Modupe Akinola

Modupe Akinola

Assistant Professor of Management, Columbia Business School

Visiting Assistant Professor 2013-2014

Hosted by JoAnne Yates, Work and Organization Studies Group, Sloan School of Management

Modupe Akinola is an Assistant Professor of Management at Columbia Business School.

Bio

Modupe Akinola is an Assistant Professor of Management at Columbia Business School. Modupe uses a multi-method approach that includes behavioral observation, implicit and reaction time measures, and physiological responses to examine how cognitive outcomes are affected by stress. In addition, Modupe examines workforce diversity. Specifically, she explores the strategies organizations employ to increase the diversity of their talent pool, and examines the biases that affect the recruitment and retention of women and minorities in organizations. As an MLK Visiting Assistant Professor, she was hosted by JoAnne Yates in the Work and Organization Studies Group at the Sloan School of Management.

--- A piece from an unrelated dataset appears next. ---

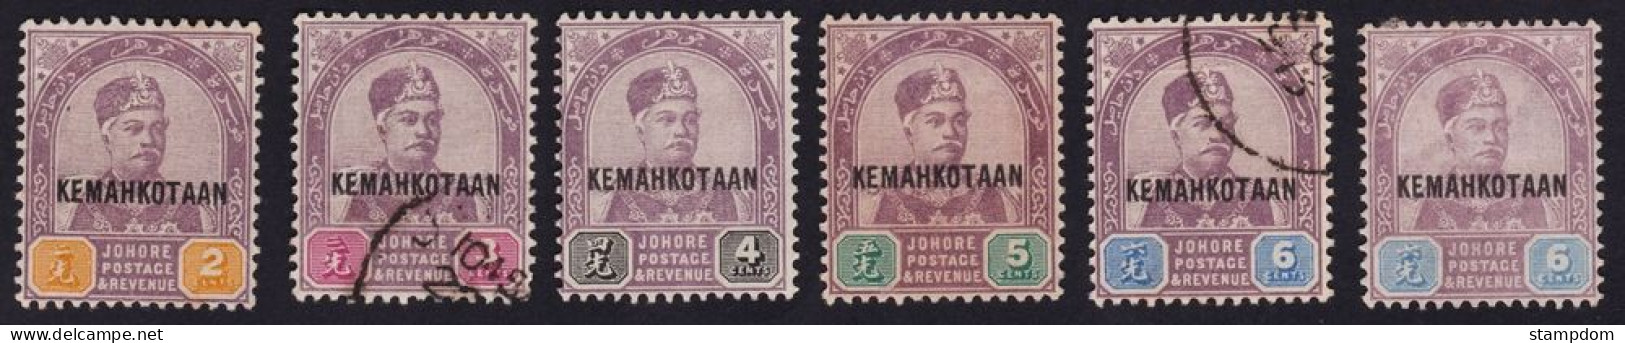 JOHORE 1896 Overprints Kemahkotaan Short Set  Sc#31.35 2c-6c MH, 3c+6c USED @P949 - Johore
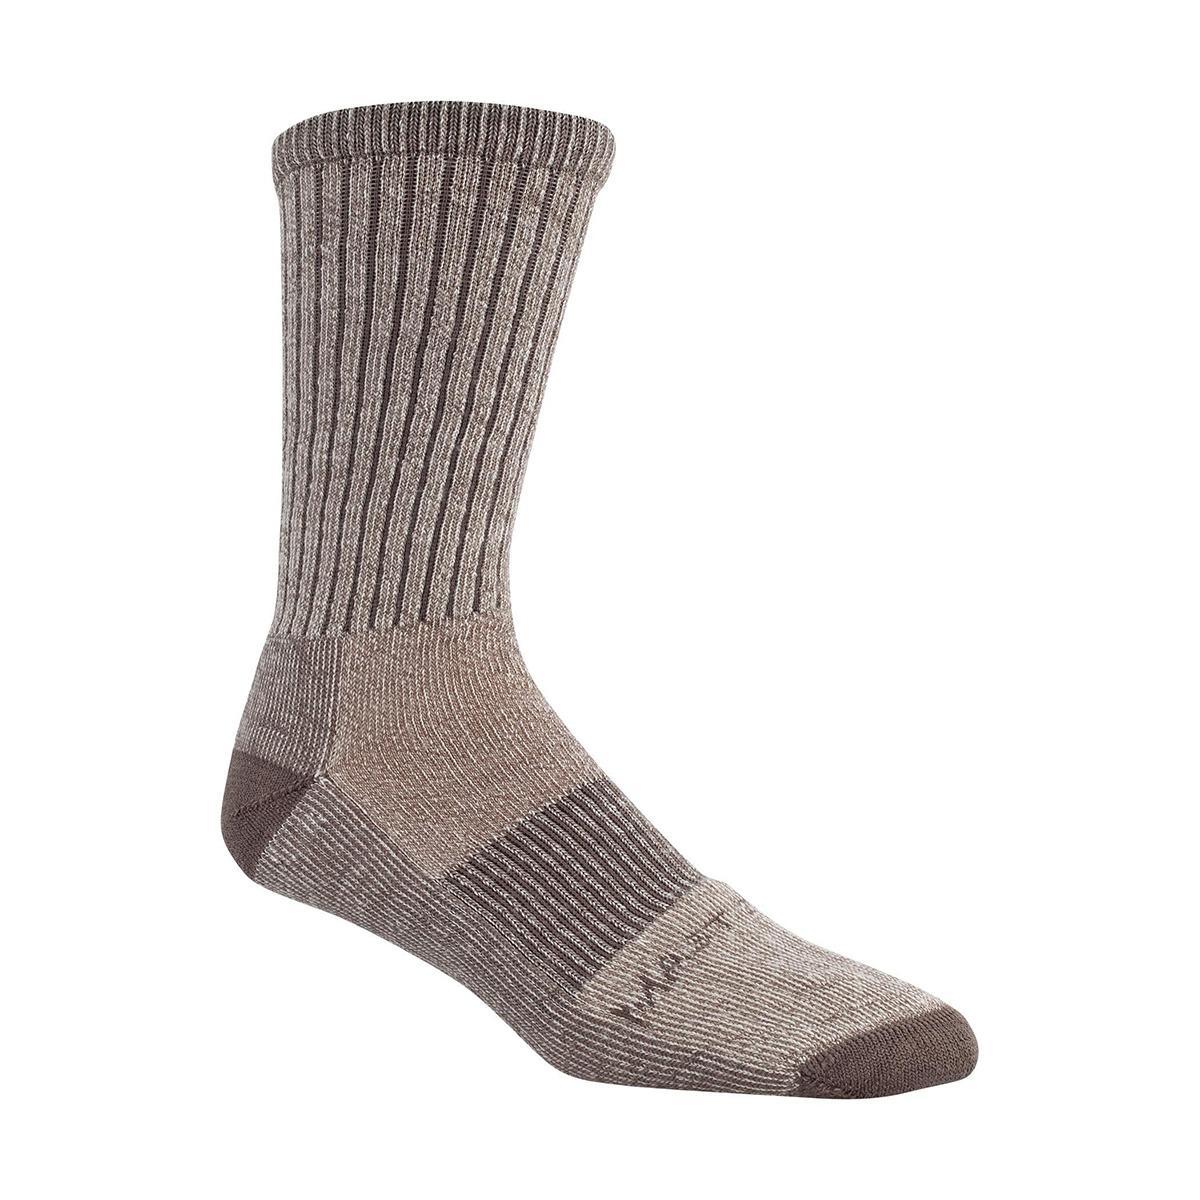 American Knitted Premium Merino Wool Socks for Men and Women. – People Socks

Modupe holds a B.A. and M.A. in Psychology from Harvard University, as well as a Ph.D. in Organizational Behavior. She also holds an M.B.A. from Harvard Business School.

Video

At MIT

Temporal Distance and Discrimination: An Audit Study in Academia

"Why Mission Matters at MIT Sloan School of Management" (Clear Admit, June 6, 2015)

"Evidence Of Racial, Gender Biases Found In Faculty Mentoring" (NPR Morning EditionApril 22, 2014)

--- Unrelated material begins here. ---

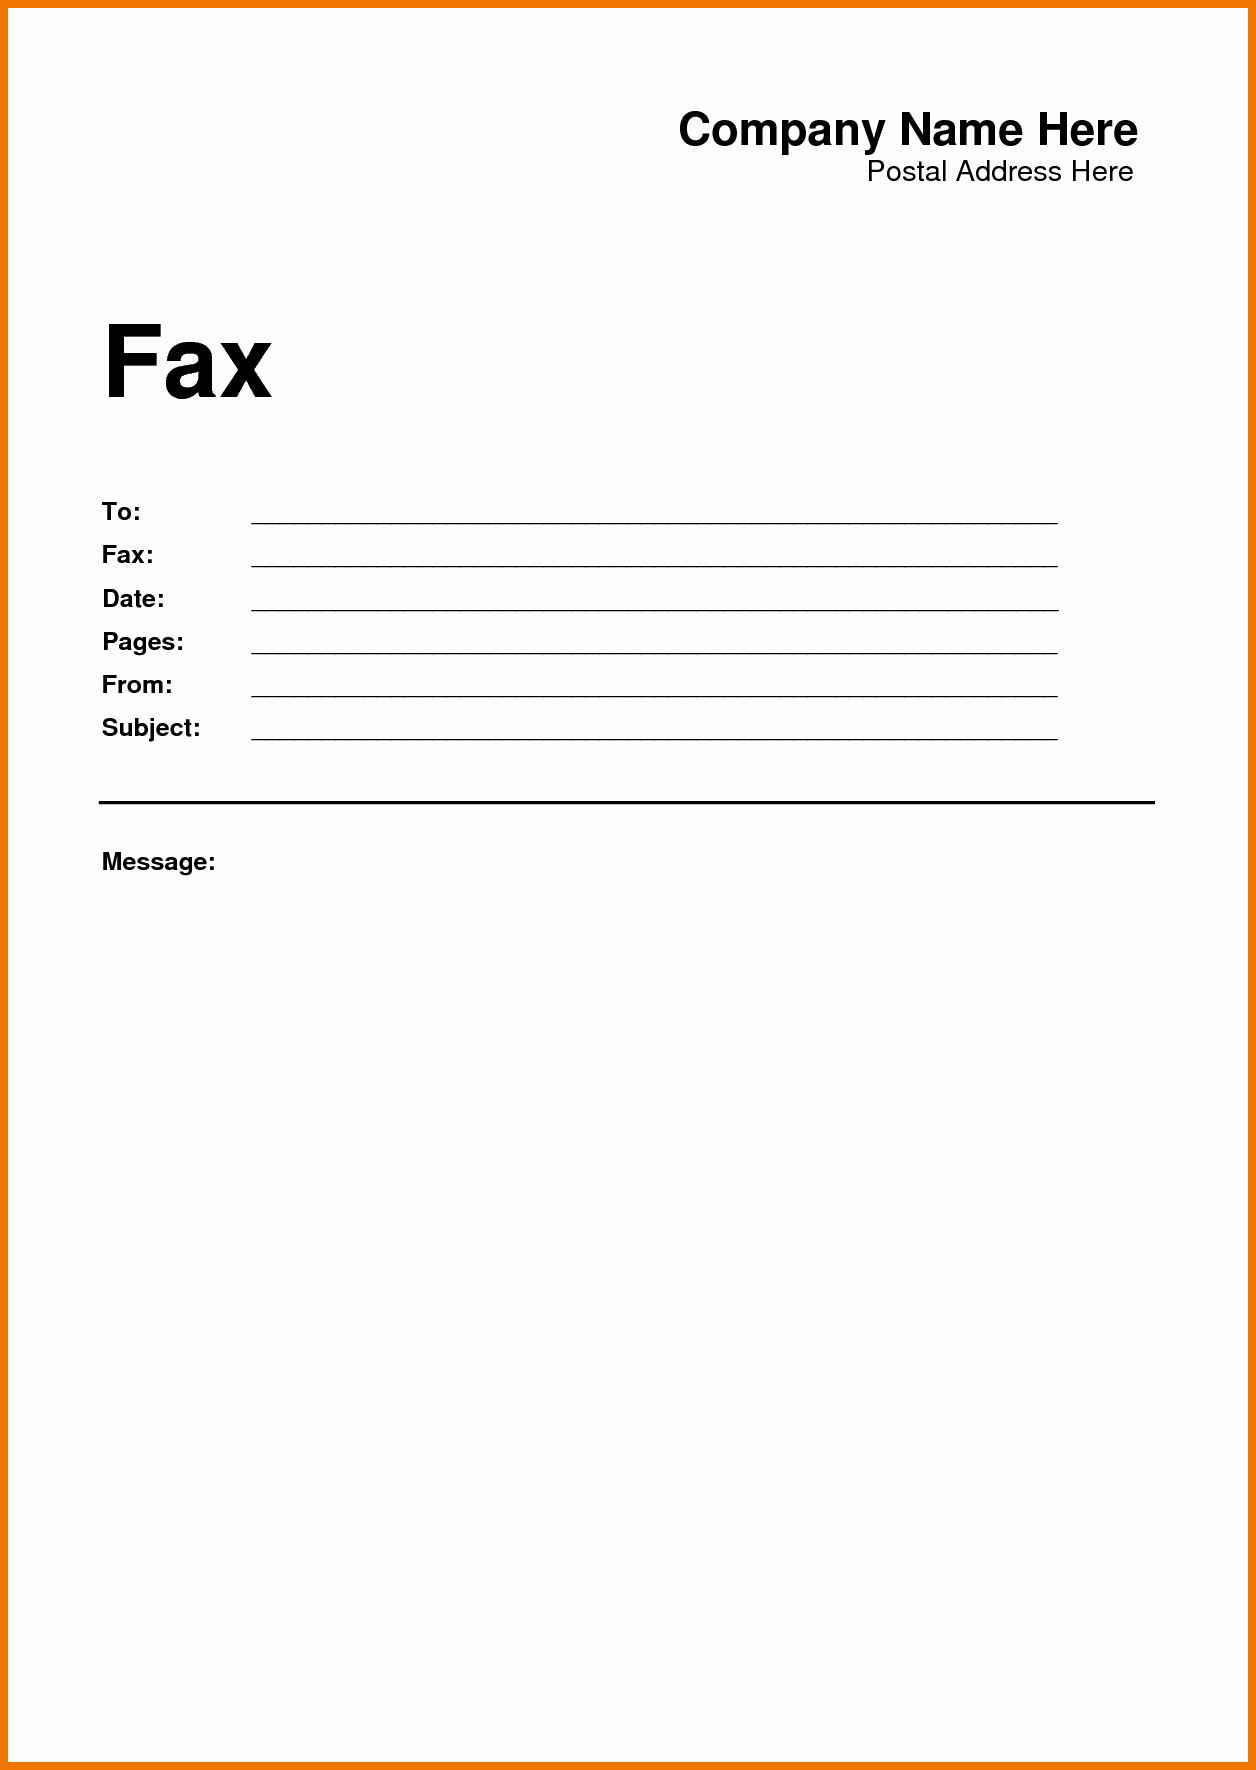 Free Fax Cover Sheets Template Fresh Microsoft Fice Fax Template Portablegasgrillweber

Research found faculty in academic departments linked to more lucrative professions are more likely to discriminate against women and minorities than faculty in fields linked to less lucrative jobs.

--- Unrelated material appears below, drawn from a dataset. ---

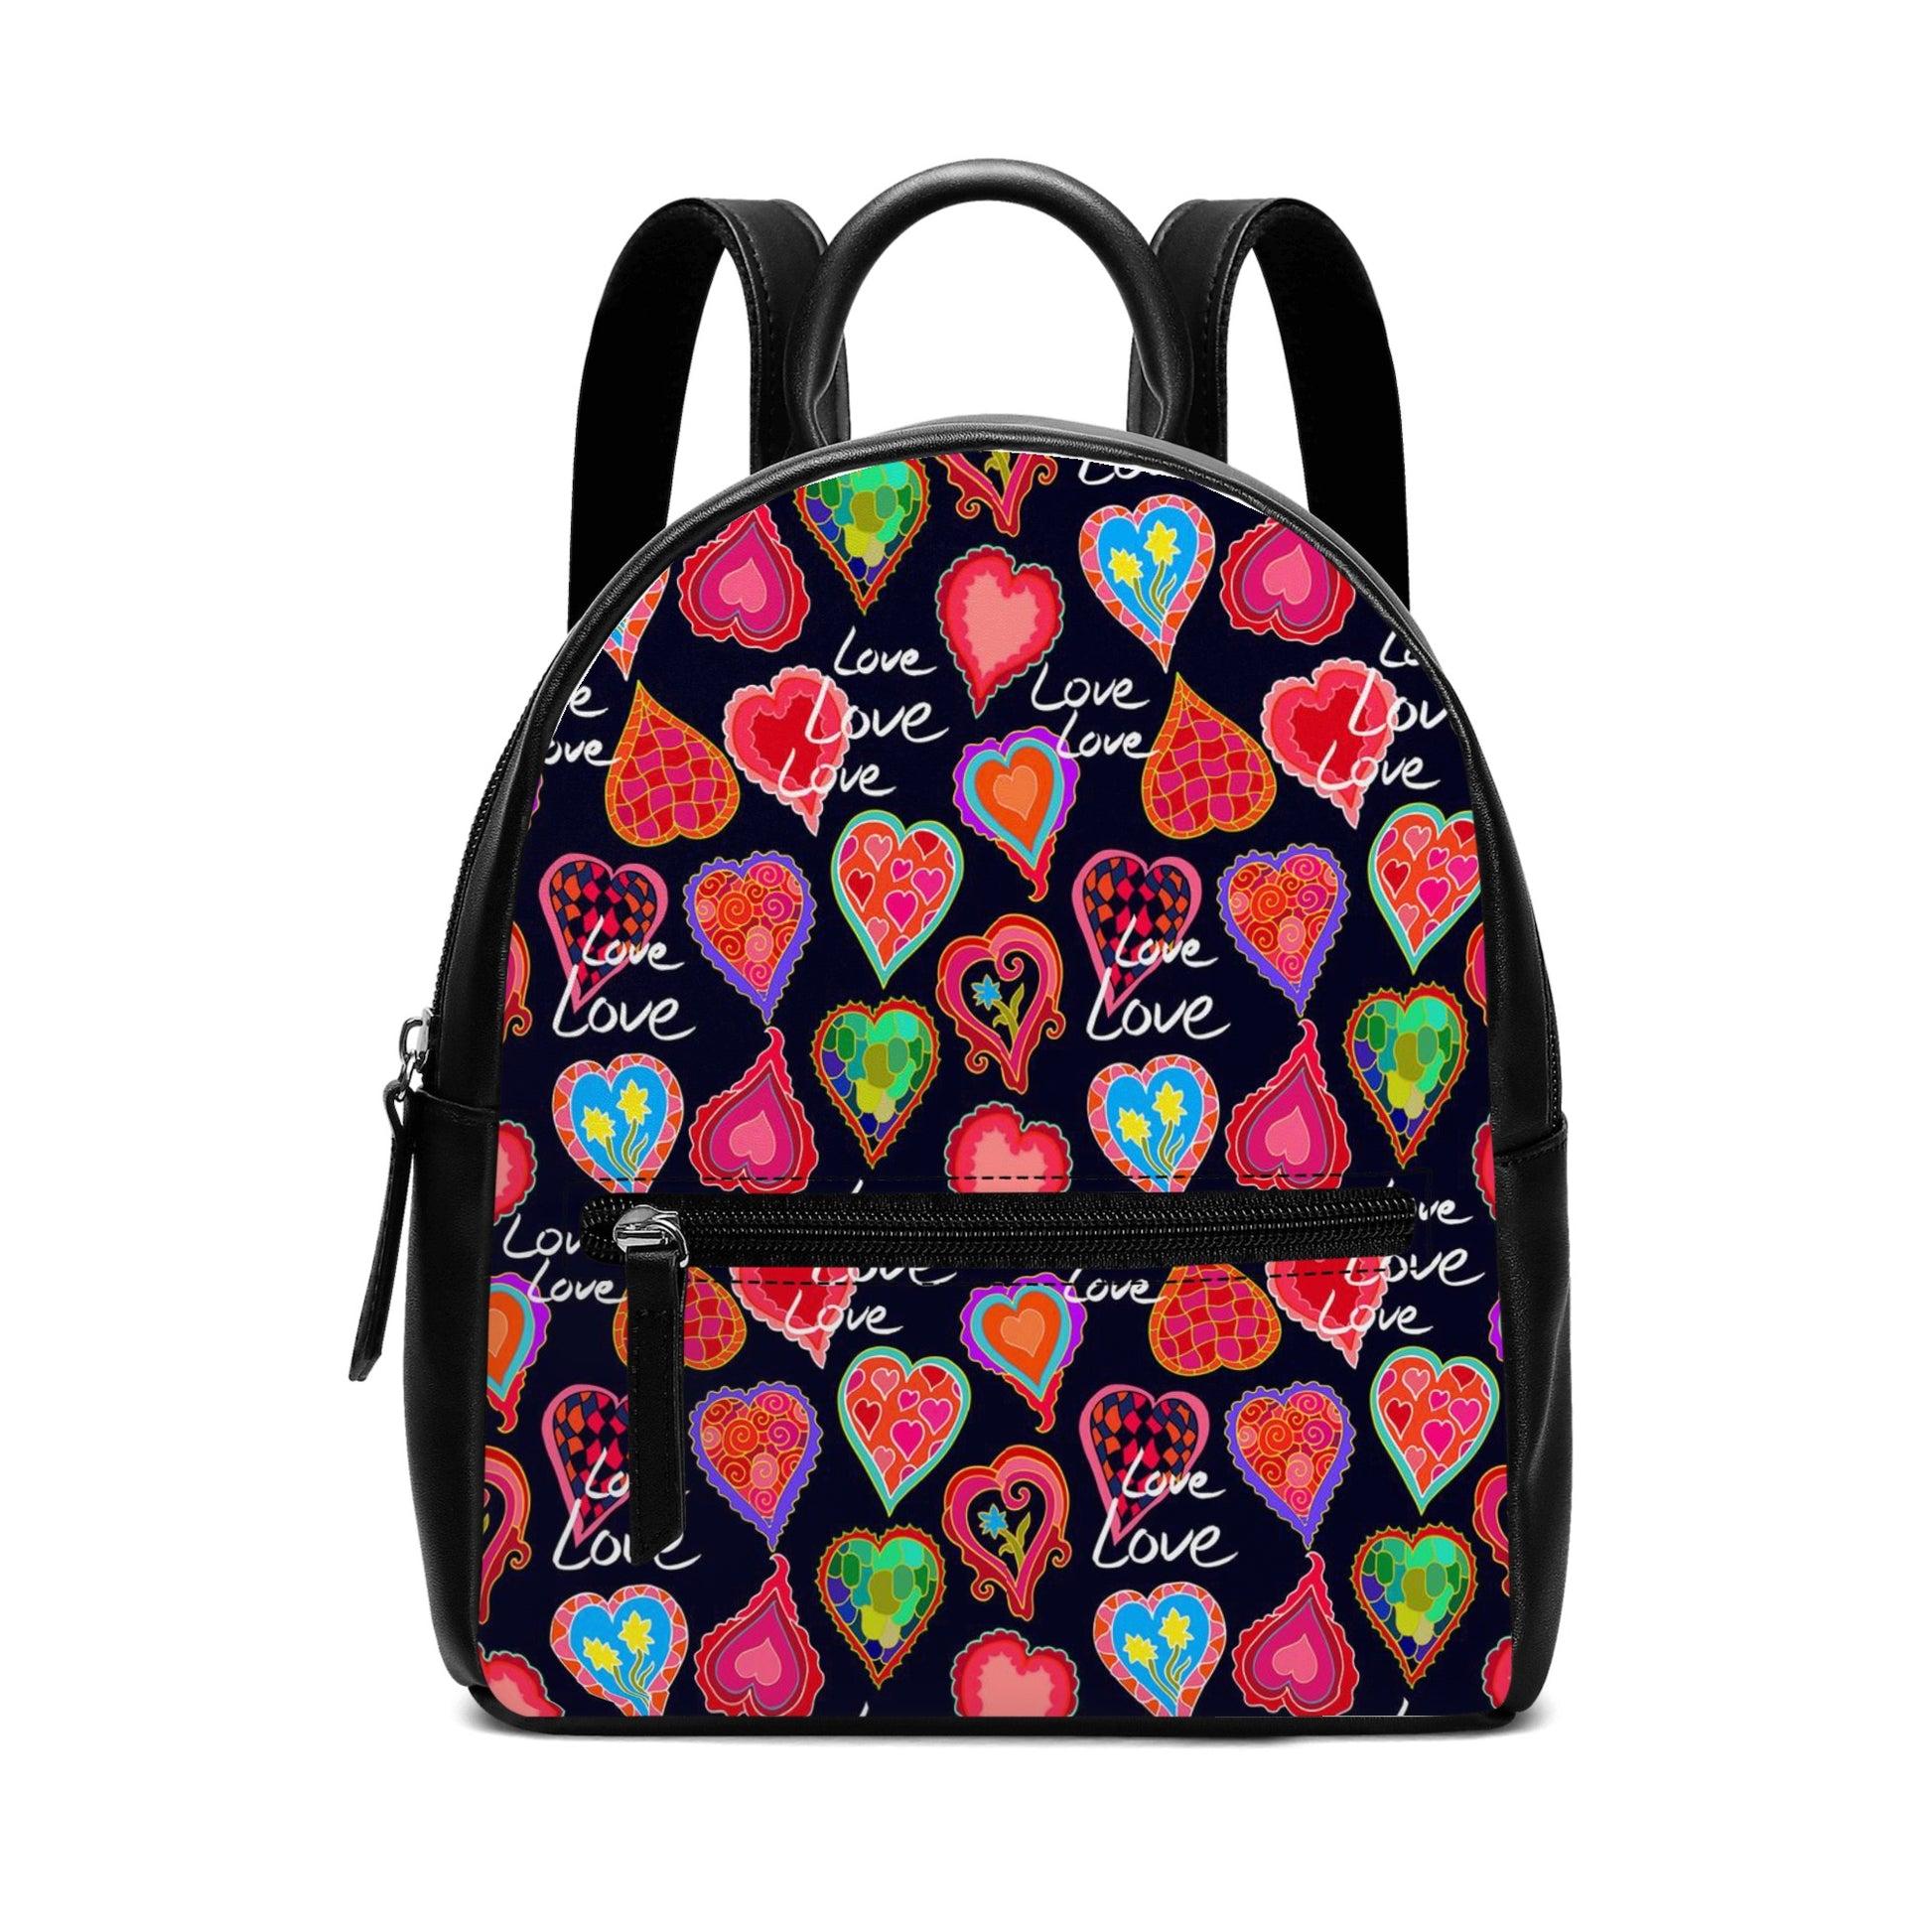 Cute PU Backpack. Hearts and Love You design

In this field experiment set in academia (with a sample of 6,548 professors), Prof. Akinola and her colleagues found that decisions about distant-future events were more likely to generate discrimination against women and minorities (relative to Caucasian males) than were decisions about near-future events. In their study, faculty members received e-mails from fictional prospective doctoral students seeking to schedule a meeting either that day or in 1 week; students’ names signaled their race (Caucasian, African American, Hispanic, Indian, or Chinese) and gender. When the requests were to meet in 1 week, Caucasian males were granted access to faculty members 26% more often than were women and minorities; also, compared with women and minorities, Caucasian males received more and faster responses. However, these patterns were essentially eliminated when prospective students requested a meeting that same day. Prof. Akinola and her colleagues’ identification of a temporal discrimination effect is consistent with the predictions of construal-level theory and implies that subtle contextual shifts can alter patterns of race- and gender-based discrimination.